While F-FET shows promise as a complementary modality to standard-of-care MRI for the management of primary and metastatic brain malignancies, further validation with standardized image interpretation methods in well-designed prospective studies are warranted.
总结¹⁸F-氟代乙基酪氨酸正电子发射断层扫描(¹⁸F-FET-PET)在高级别脑胶质瘤或颅外原发性恶性肿瘤转移患者管理中的诊断性能。
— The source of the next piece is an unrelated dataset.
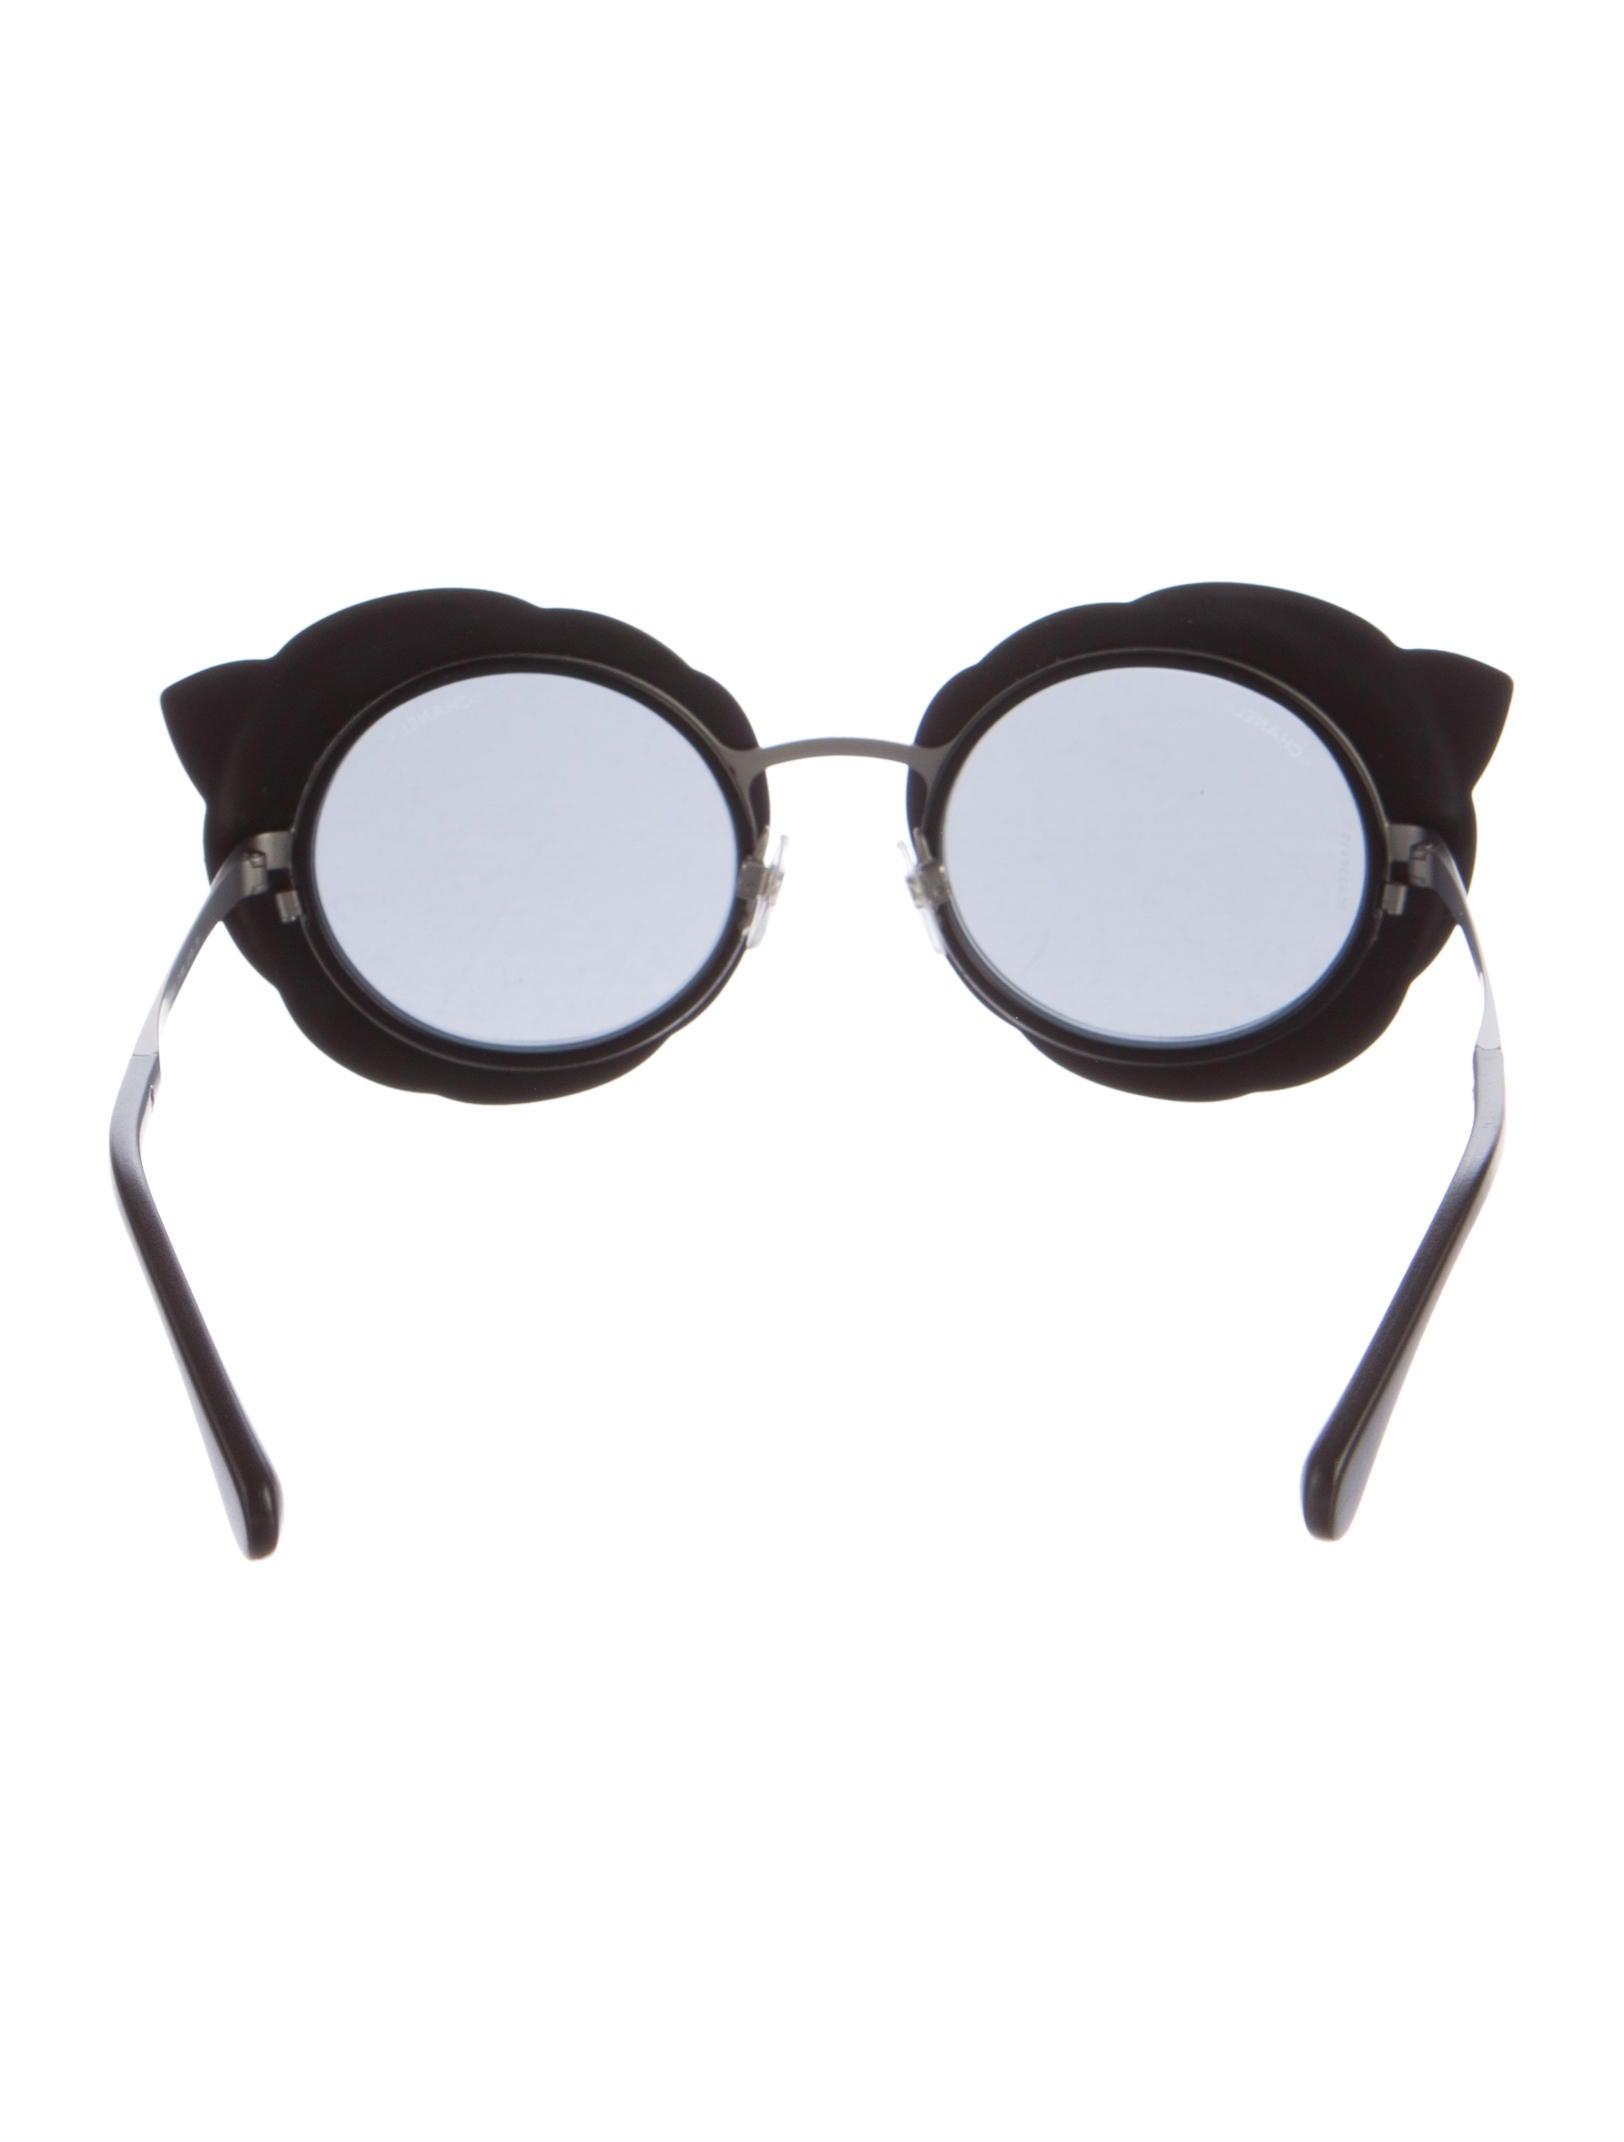 Chanel Round Runway Sunglasses - Accessories - CHA158628 ...
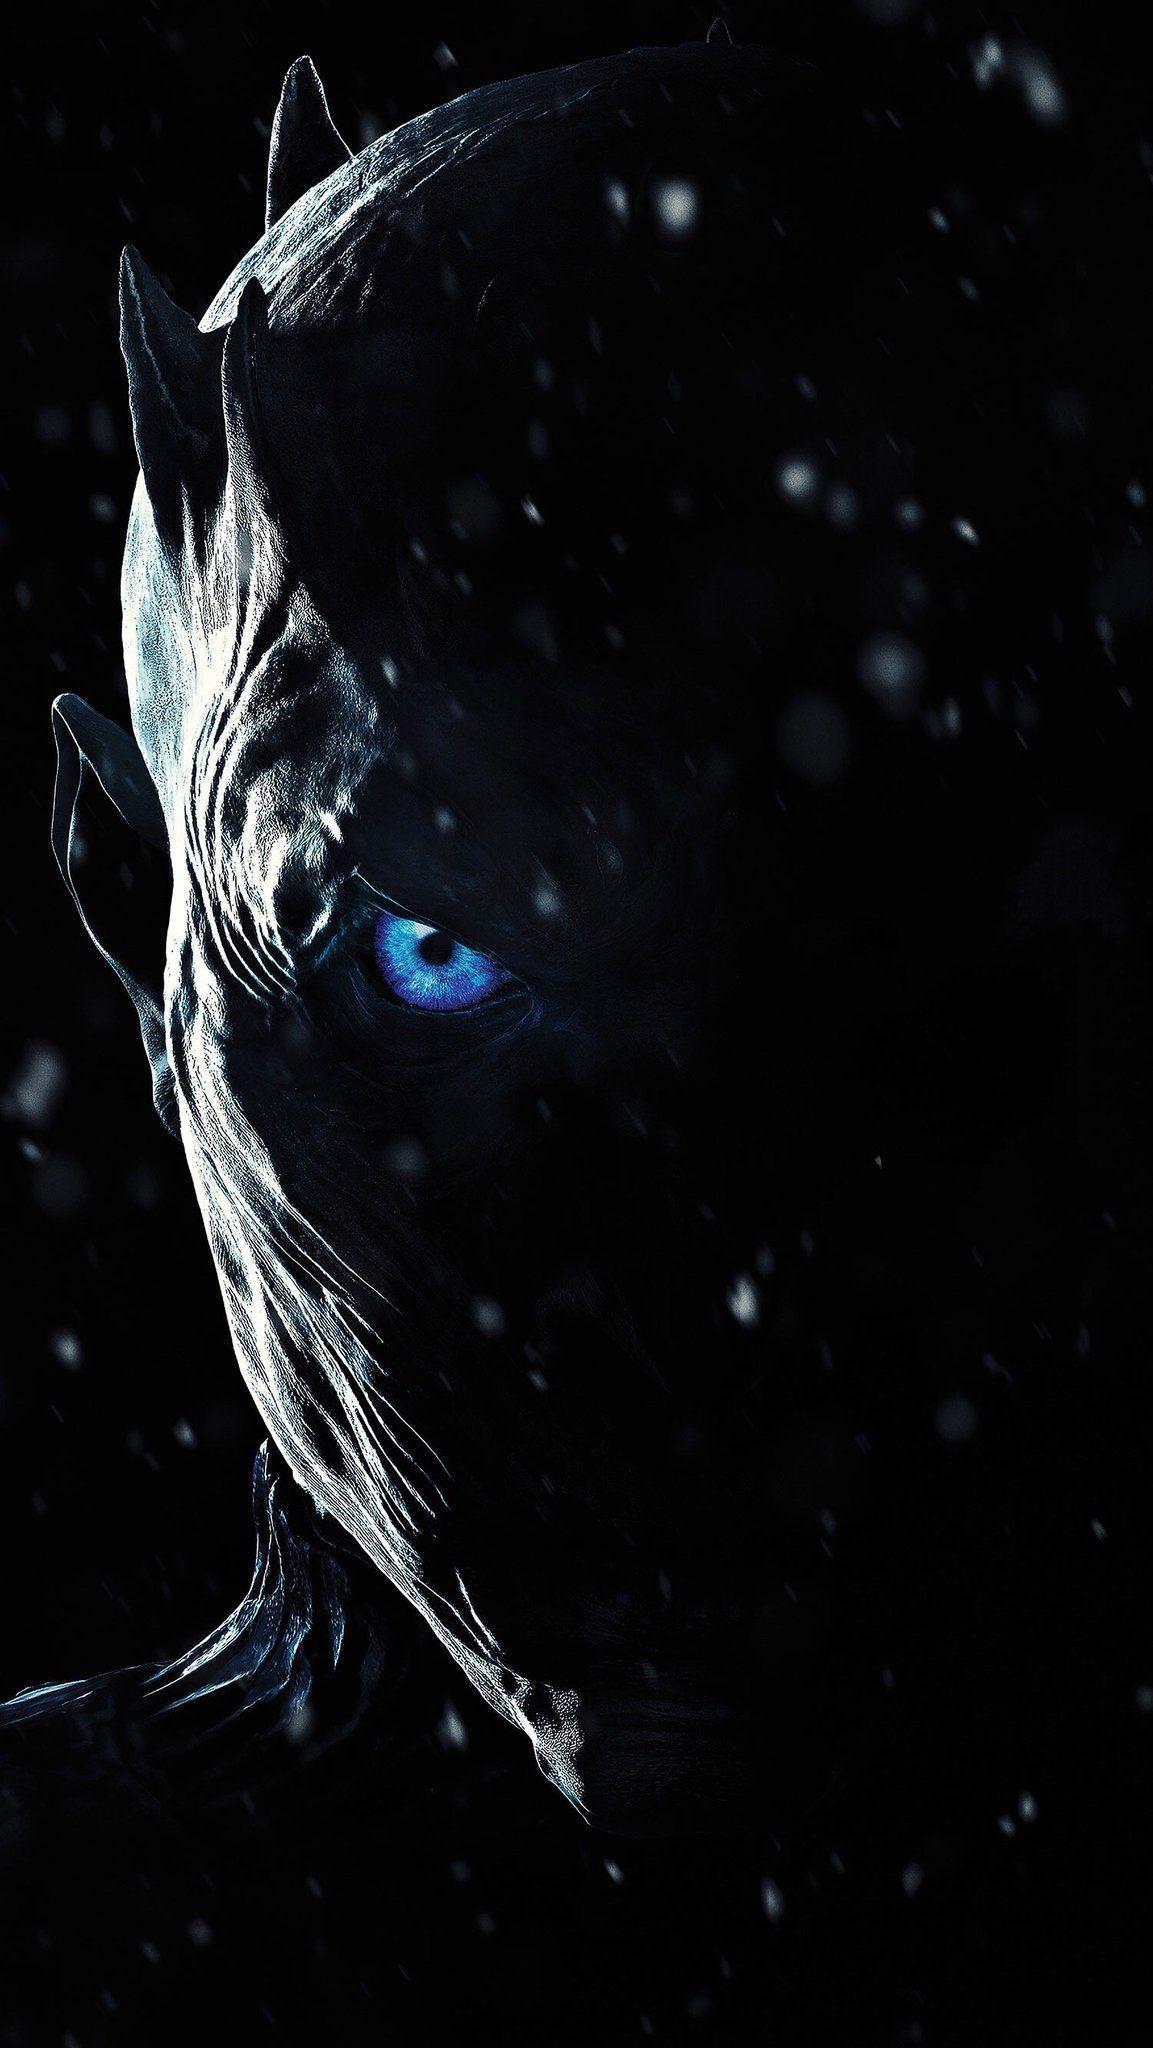 Pourquoi la saison 7 a (presque) tué Game of Thrones!

检索MEDLINE、EMBASE和Cochrane系统评价数据库,查找报告放射治疗计划、疗效评估以及肿瘤复发/治疗相关变化鉴别诊断试验参数的研究。排除放射组学研究。使用诊断准确性研究质量评估(QUADAS-2)工具和GRADE方法进行质量评估。采用双变量随机效应模型得出敏感性和特异性的汇总估计值。
分析纳入26项研究,共1206例患者/病灶。对于胶质瘤的放射治疗计划,3项研究中¹⁸F-FET摄取超出标准MRI钆增强边缘20 mm范围的患者合并比例为39%(95%CI,10%-73%)。在3项研究中,¹⁸F-FET-PET还显示出对治疗早期反应者的预测能力,而MRI未显示出任何预后价值。对于鉴别胶质瘤复发与治疗相关变化,6项研究中肿瘤代谢比(TBR)为1.9 - 2.3时的汇总敏感性和特异性分别为91%(95%CI,74%-97%)和84%(95%CI,69%-93%)。4项研究中脑转移瘤使用TBR 2.15 - 3.11时的相应值分别为82%(95%CI,74%-88%)和82%(95%CI,74%-88%)。
虽然¹⁸F-FET作为原发性和转移性脑恶性肿瘤管理中标准护理MRI的补充手段显示出前景,但需要在精心设计的前瞻性研究中采用标准化图像解读方法进行进一步验证。